The 10th U.S. Circuit Court of Appeals issued a one-page order denying the Tarrant Regional Water District's petition for a rehearing.
The appeals court had last month affirmed a lower court decision to dismiss the 2007 lawsuit, which alleged that Oklahoma statutes governing surface and stream water rights within its borders posed burdens to interstate commerce.
The district had wanted to purchase about 150 billion gallons from Oklahoma tributaries of the Red River, which runs along the border between Oklahoma and Texas. Water district officials have said they are unable to draw water directly from the river because it is contaminated with chlorides from upstream salt deposits.

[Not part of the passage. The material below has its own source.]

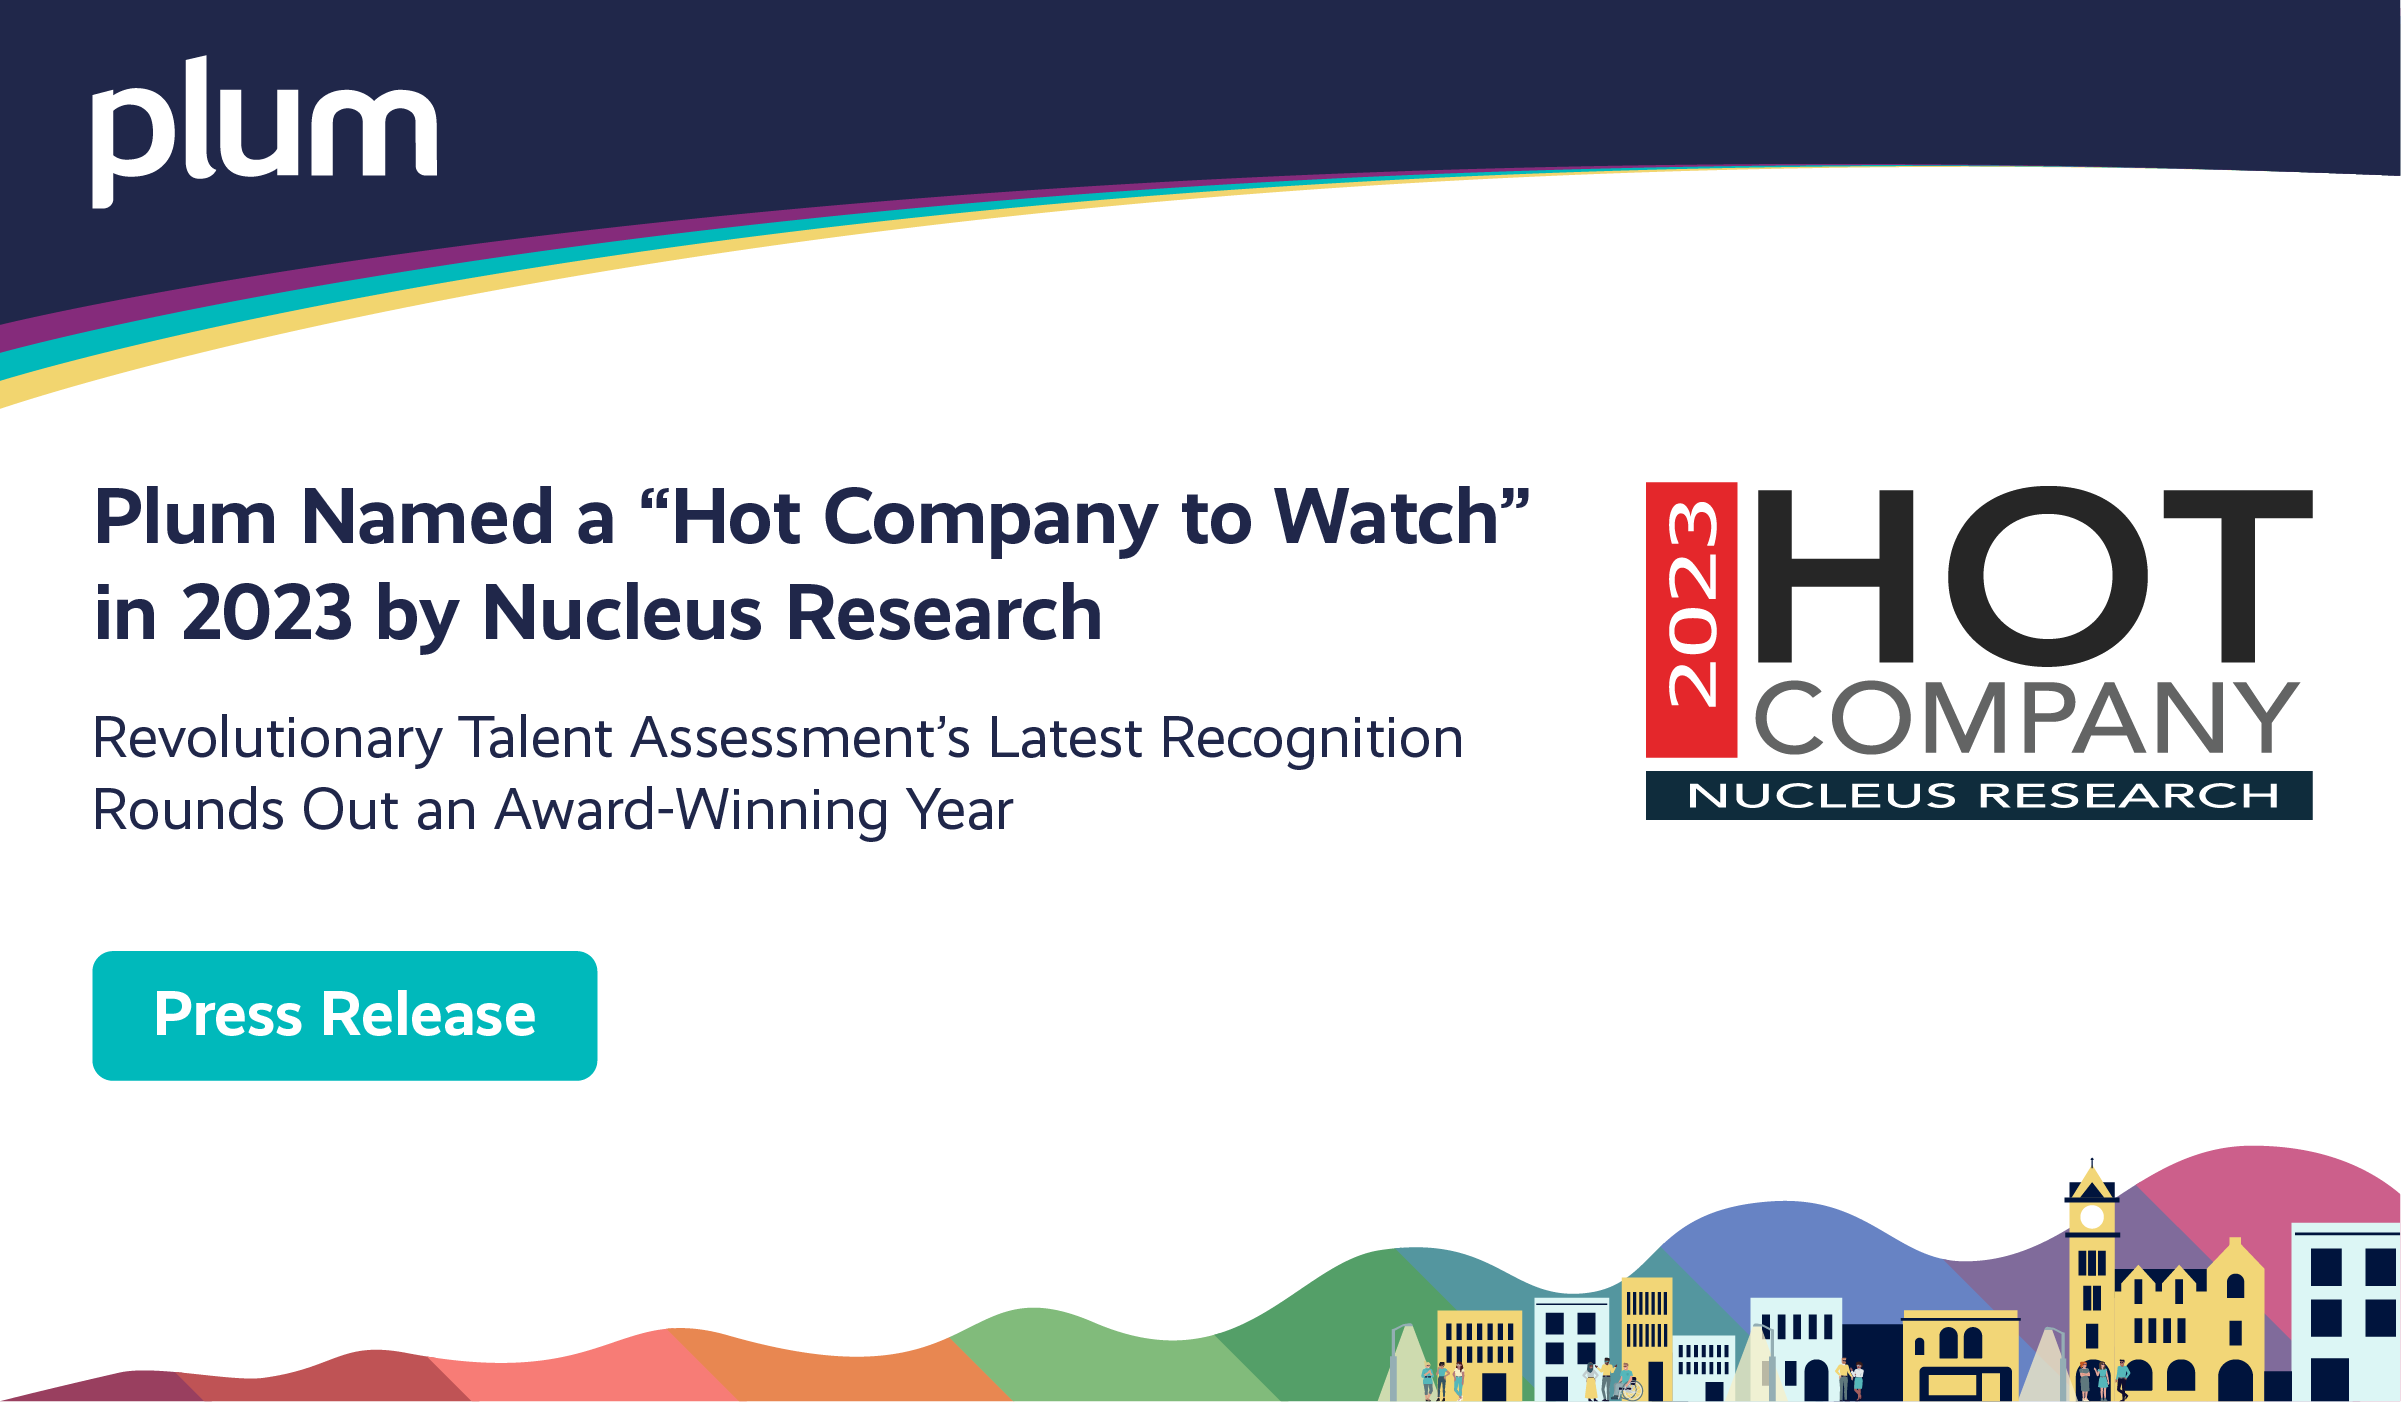 Hot Company to Watch Award

The petition by the district, which serves 1.7 million in 11 rapidly growing counties in North Texas, warned that the region "will have insufficient water by 2030" unless the district obtains additional supplies.
The district's Oklahoma City attorney referred calls for comment to the organization. A district spokesman didn't immediately return a call or an email seeking comment late Friday.

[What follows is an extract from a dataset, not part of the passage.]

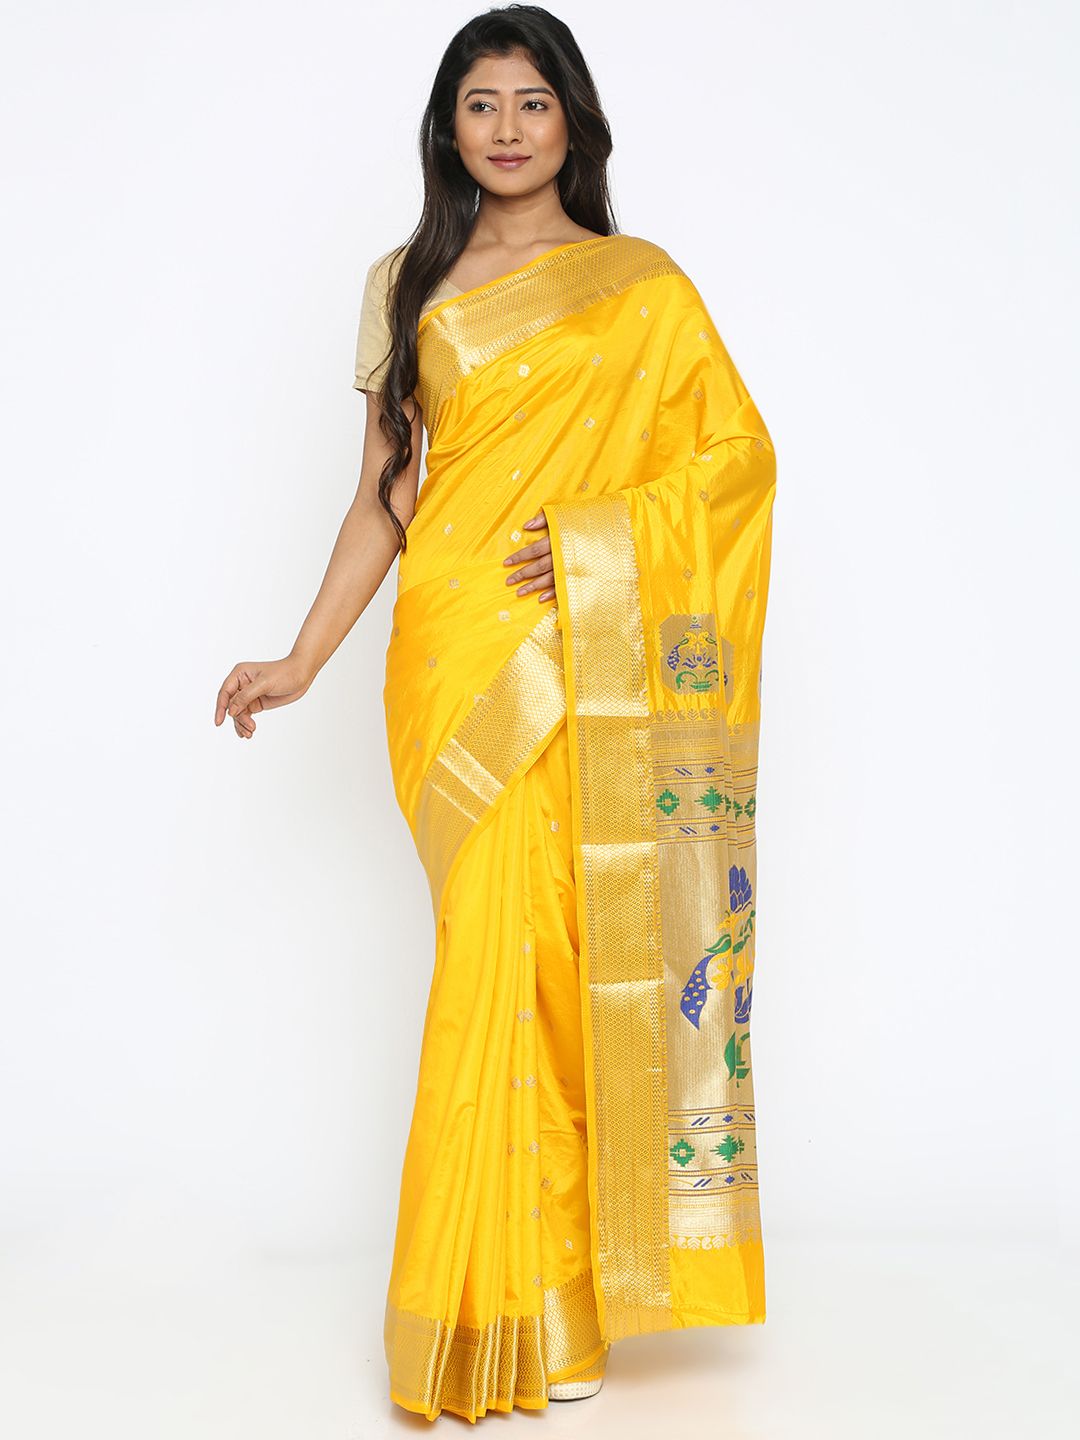 Varkala Silk Sarees Yellow Art Silk Paithani Traditional Saree Price in India

Oklahoma Attorney General Scott Pruitt said the state is pleased with the court's decision.
"The ruling underscores that the people of Oklahoma should not be mandated through litigation to shape water policy," Pruitt said in a statement. "Water is an important resource that is vital to Oklahomans, and my office will continue to defend our state's interests."
The lawsuit was filed after the Oklahoma Legislature approved a bill to extend a moratorium on out-of-state water sales in 2006.
In affirming the lower court decision, the appeals court ruled the Red River Compact insulates Oklahoma water statutes from interstate commerce challenges involving water that is subject to the compact. The Red River Compact controls the use of water in the basin that includes Oklahoma, Texas, Arkansas and Louisiana.
District general manager Jim Oliver has said the court's interpretation of the Red River Compact negates the district's ability to secure a reliable future water supply and prevents the group from exercising its legal rights under the compact to access water allocated to Texas.
Water district officials have said they want only 7 percent of southeastern Oklahoma water that is bound for the Red River and that no Oklahoma water reservoir would be affected. More than four times the amount of water used by the entire state flows unused into the Red River each year, district officials have argued.